So, you wanna hear about the “Miguel Race,” huh? It wasn’t a race with cars or anything, not really. It was more like a sprint, a mad dash, a project that old Miguel, bless his cotton socks, kind of dropped on us like a hot potato. We all just started calling it the “Miguel Race” because, well, it felt like one, and Miguel was the guy tapping his foot at the finish line, or so it seemed.

I got pulled in, like always, when things were already a bit pear-shaped. First thing I did, I tried to get a handle on what was actually needed. Scrambled through the docs, or what passed for docs. Then I started sketching out a plan. Just basic stuff, you know? What pieces we needed, who could do what.
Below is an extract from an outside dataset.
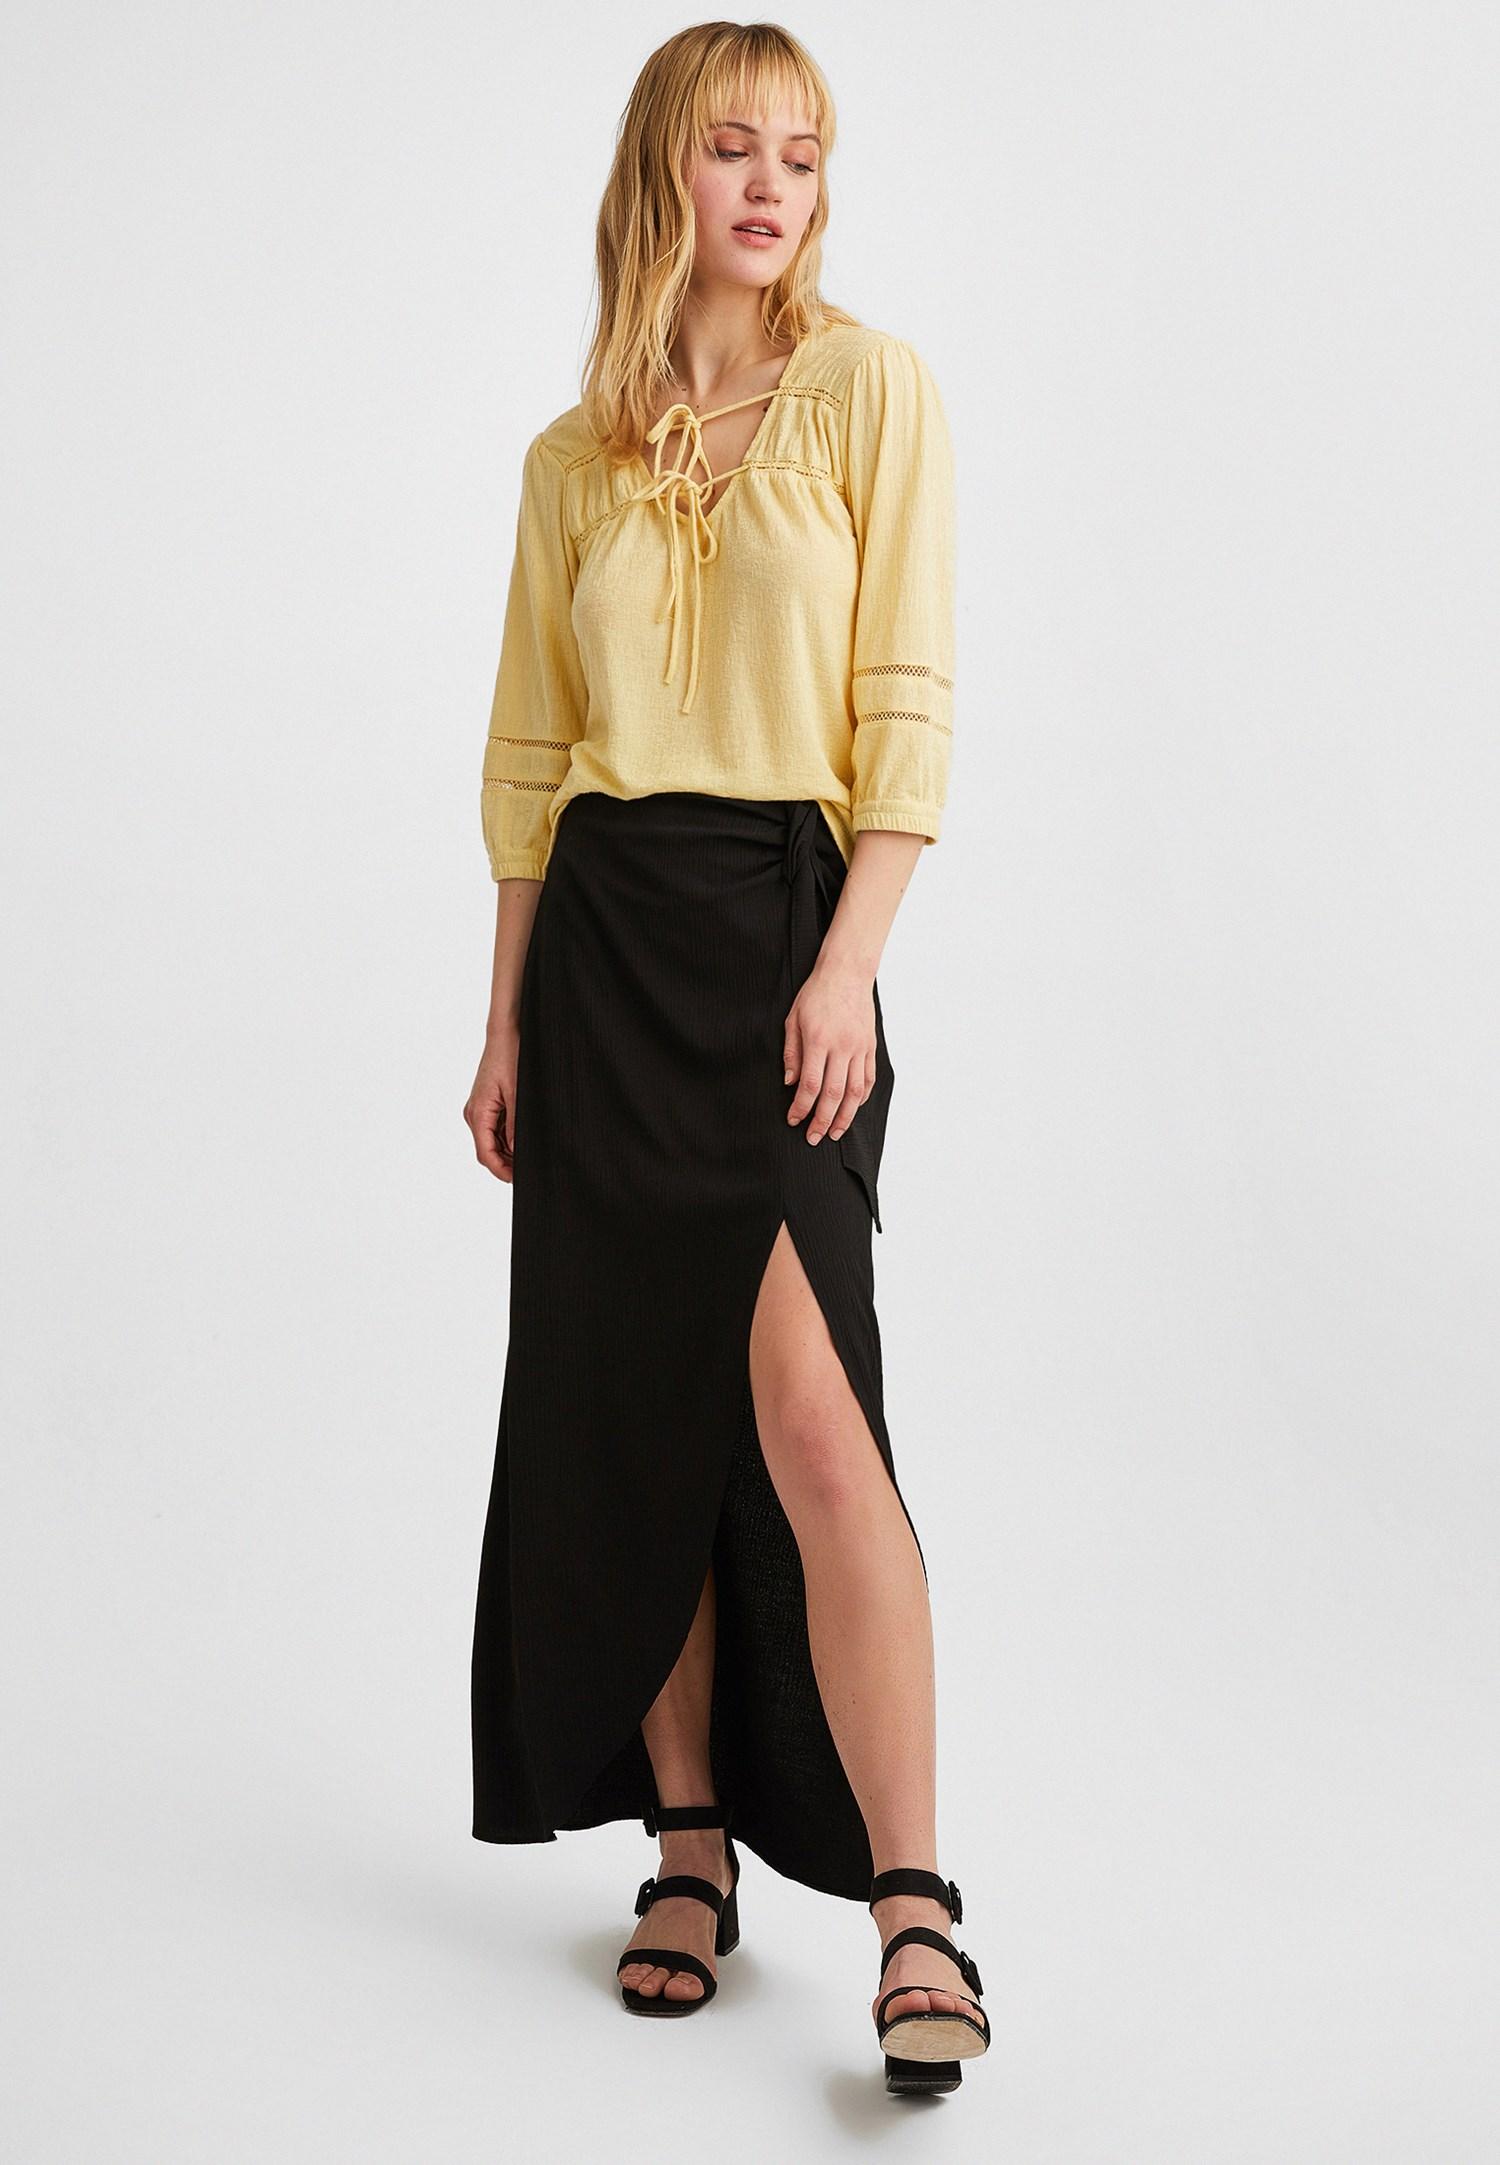 Bayan Sarı Bağlama ve Dantel Detaylı Bluz

I remembered thinking, “This is gonna be tight.”
The Grind
And tight it was. We worked late nights, man. Coffee became my best friend. My diet? Terrible. Pizza, more coffee, repeat. We coded like there was no tomorrow. We debugged. Oh, the debugging. That was a special kind of hell. You fix one thing, two more pop up. Classic. We held quick stand-ups, mostly just to see who was still standing. We pushed code, merged branches, sometimes with our eyes half-closed.
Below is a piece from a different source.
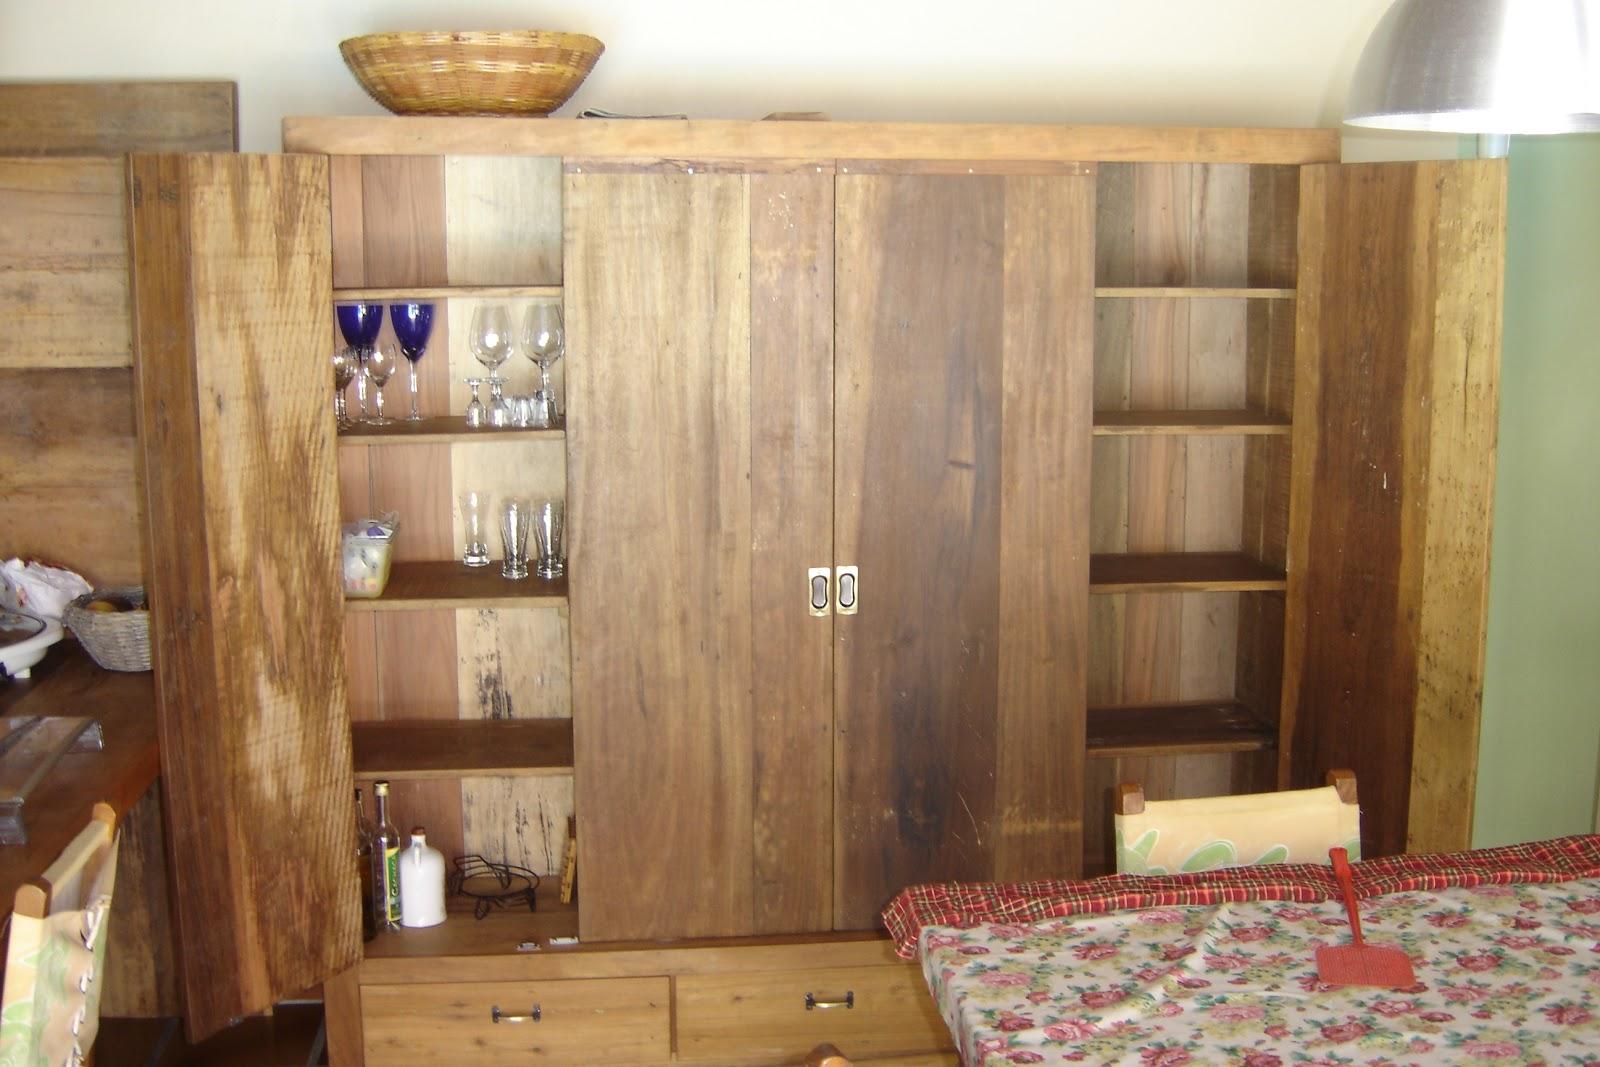 de peças e móveis: Armário multiuso em madeira de demolição #943F37 1600x1067

- Building out the front-end felt like wrestling an octopus.
- Connecting the backend was like trying to thread a needle in the dark.
- And Miguel? He’d pop in, ask “how’s it going?” with that smile, and we’d all just nod. What else could we do?
We cobbled together different bits of old code, tried to make them talk to new stuff. It was a mess, honestly. I spent a whole weekend just trying to get one particular module to behave. My screen looked like a Christmas tree with all the error messages flashing.
Did we finish? Yeah, we did. Somehow. Dragged it over the finish line, kicking and screaming. It wasn’t pretty, not by a long shot. Lots of duct tape and prayers holding it together. Miguel was happy, or at least he said he was. Got his project. We just felt… empty. Like we’d run a marathon and got a lukewarm glass of water at the end.
What I Really Think About It Now
You know, that whole “Miguel Race” thing really got me thinking. Not just about that project, but about the whole way we were working back then. It was all just go, go, go. Burnout city, population: us. I remember after that, I actually took a week off. Just totally unplugged. Went camping. No screens, no deadlines. Just trees and a campfire. My wife, she’d been telling me for ages I needed a break. Said I was turning into a grump. She was right, of course.
That camping trip, it sounds cheesy, but it changed things for me. I came back and I started saying “no” a bit more. Or at least, “let’s talk about the deadline” a bit more. It’s funny, because a few months after the “Miguel Race,” Miguel himself moved on to another company. Heard he was chasing some big promotion. Good for him, I guess. But it left us to pick up the pieces of his “race,” to actually make the thing stable. That took even longer than the race itself. We had to refactor so much of that rushed code. It was like paying off a huge debt.
So yeah, the “Miguel Race.” We “won,” but what did we really win? A bit more stress, a few more grey hairs. Now, when I see a project turning into another “race,” I speak up. Not always easy, but hey, I like camping more than I like coding at 3 AM fueled by stale pizza. It’s a simple choice, really. You just gotta make it.